Development of novel immunotherapy based on nanoparticle co-delivering PLK1 and PD-L1 inhibitors for lung cancer treatment

Autor: Moataz Reda, Worapol Ngamcherdtrakul, Molly Nelson, Natnaree Siriwon, Ruijie Wang, Husam Zaidan, Daniel Bejan, Sherif Reda, Ngoc Hoang, Noah Crumrine, Justin Rehwaldt, Akash Bindal, Gordon Mills, Joe Gray, Wassana Yantasee
Rok vydání: 2022
Popis: Immune checkpoint inhibitors (ICIs) targeting PD-L1 and PD-1 have improved survival in a subset of patients with advanced non-small cell lung cancer (NSCLC).
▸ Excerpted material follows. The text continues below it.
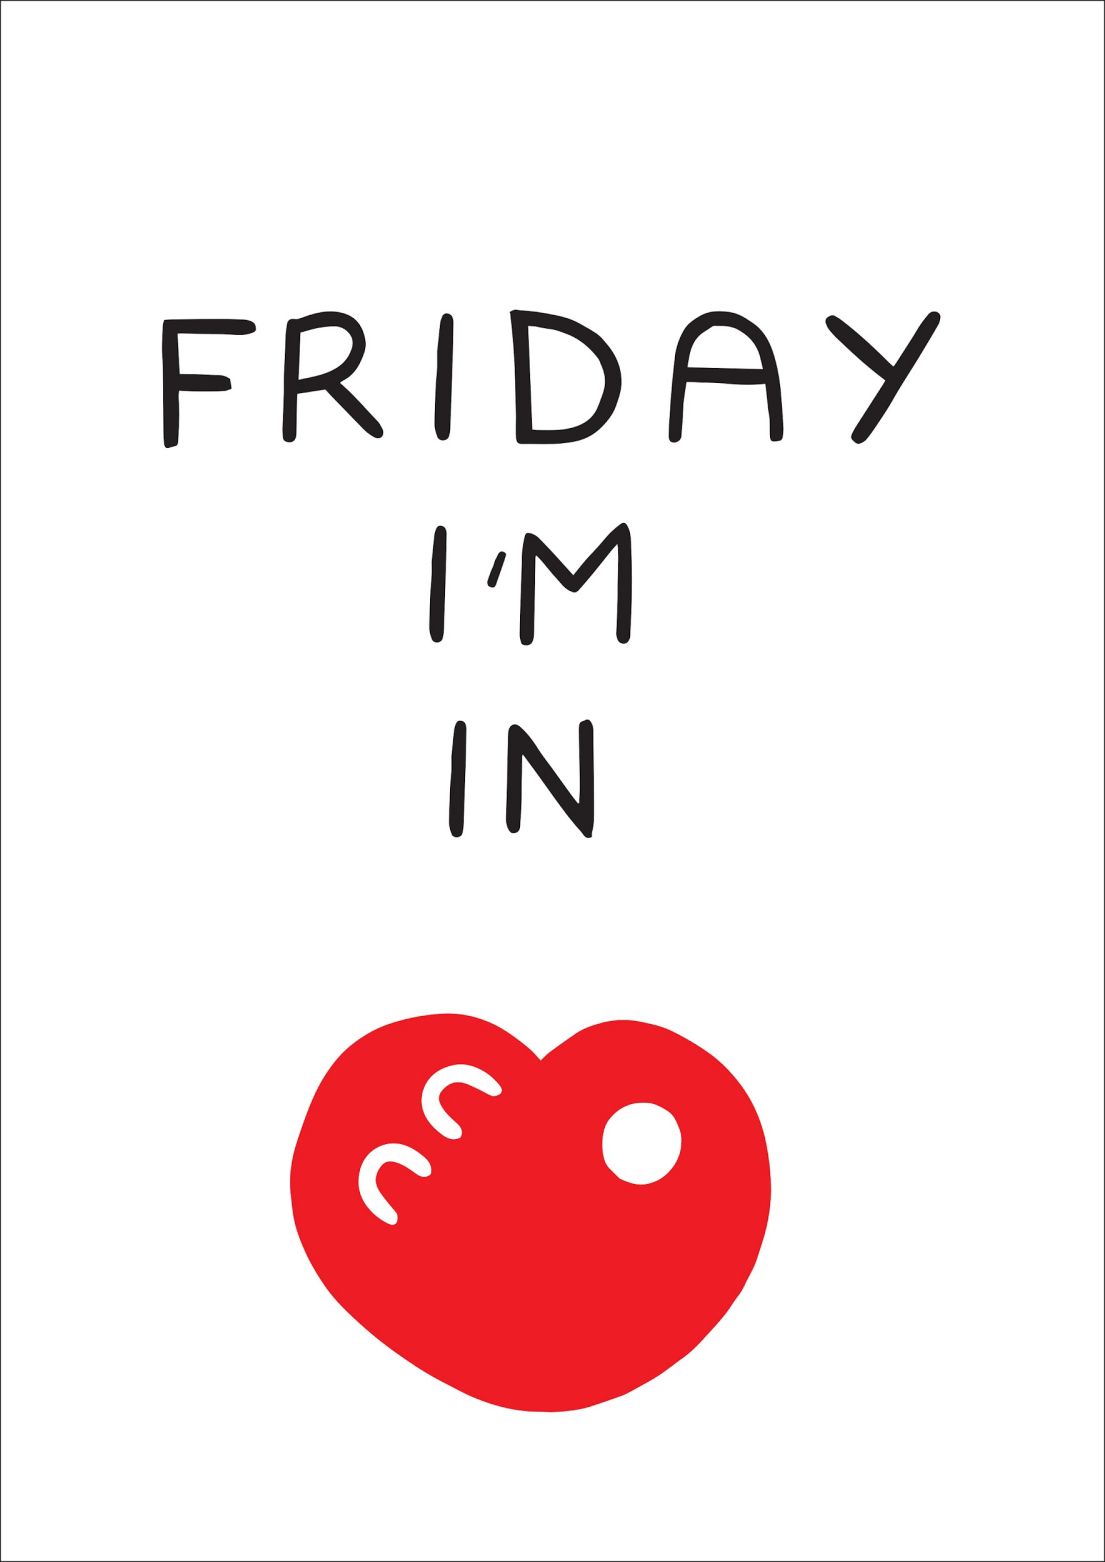 Friday I'm in Love - The Cure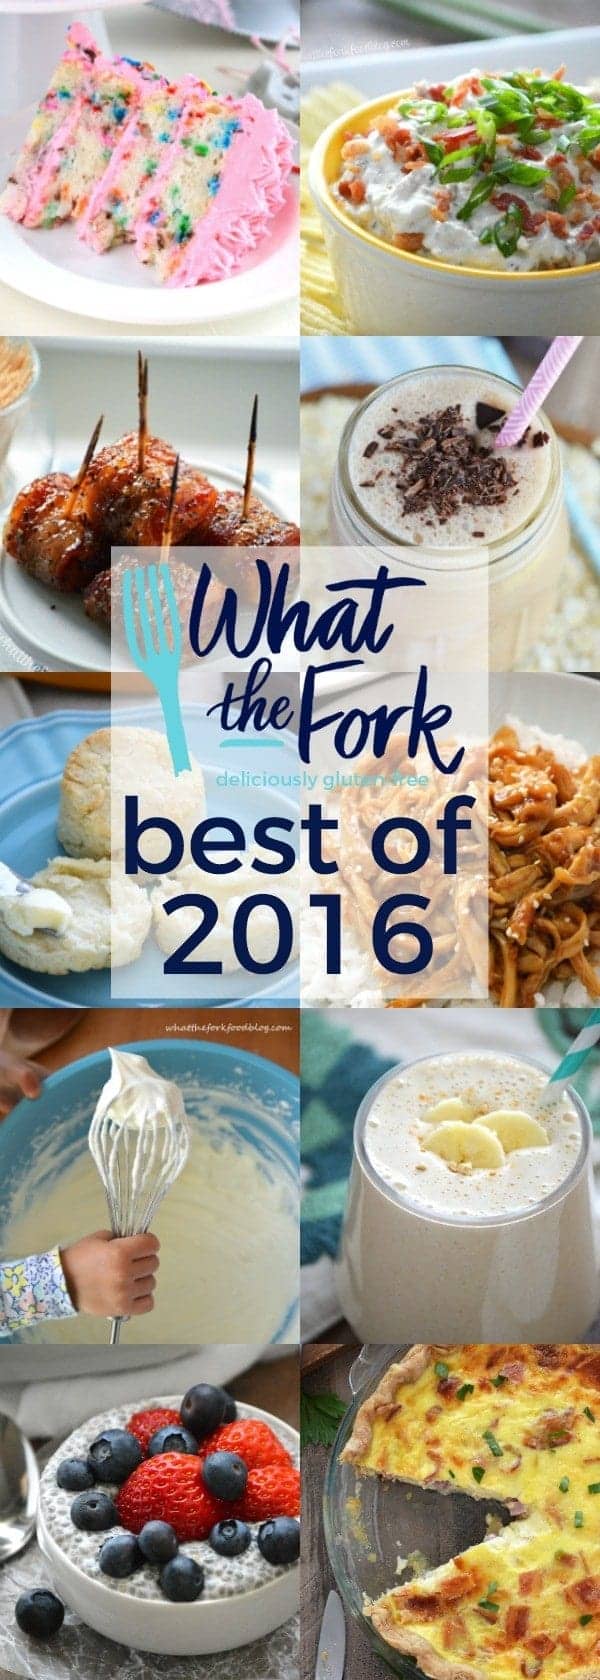 What The Fork's top posts from 2016 from @whattheforkblog | whattheforkfoodblog.com | gluten free recipes | best gluten free | popular recipes

However, only a minority of NSCLC patients respond to ICIs, highlighting the need for superior immunotherapy. Herein, we developed a nanoparticle-based immunotherapy termed ARAC (Antigen Release Agent and Checkpoint Inhibitor) to enhance the efficacy of PD-L1 inhibitor. ARAC is a nanoparticle co-delivering PLK1 inhibitor (volasertib) and PD-L1 antibody. PLK1 is a key mitotic kinase that is overexpressed in various cancers including NSCLC and drives cancer growth. Inhibition of PLK1 selectively kills cancer cells and upregulates PD-L1 expression in surviving cancer cells thereby providing opportunity for ARAC targeted delivery in a positive feedback manner. ARAC reduced effective doses of volasertib and PD-L1 antibody by 5-fold in a metastatic lung tumor model (LLC-JSP) and the effect was mainly mediated by CD8 + T cells. Notably, ARAC also showed efficacy in another lung tumor model (KLN-205), which does not respond to CTLA-4 and PD-1 inhibitor combination. Further, the nanoparticle construct was well-tolerated in non-human primates. This study highlights a rationale combination strategy to augment existing therapies by utilizing our nanoparticle platform that can load multiple cargo types at once.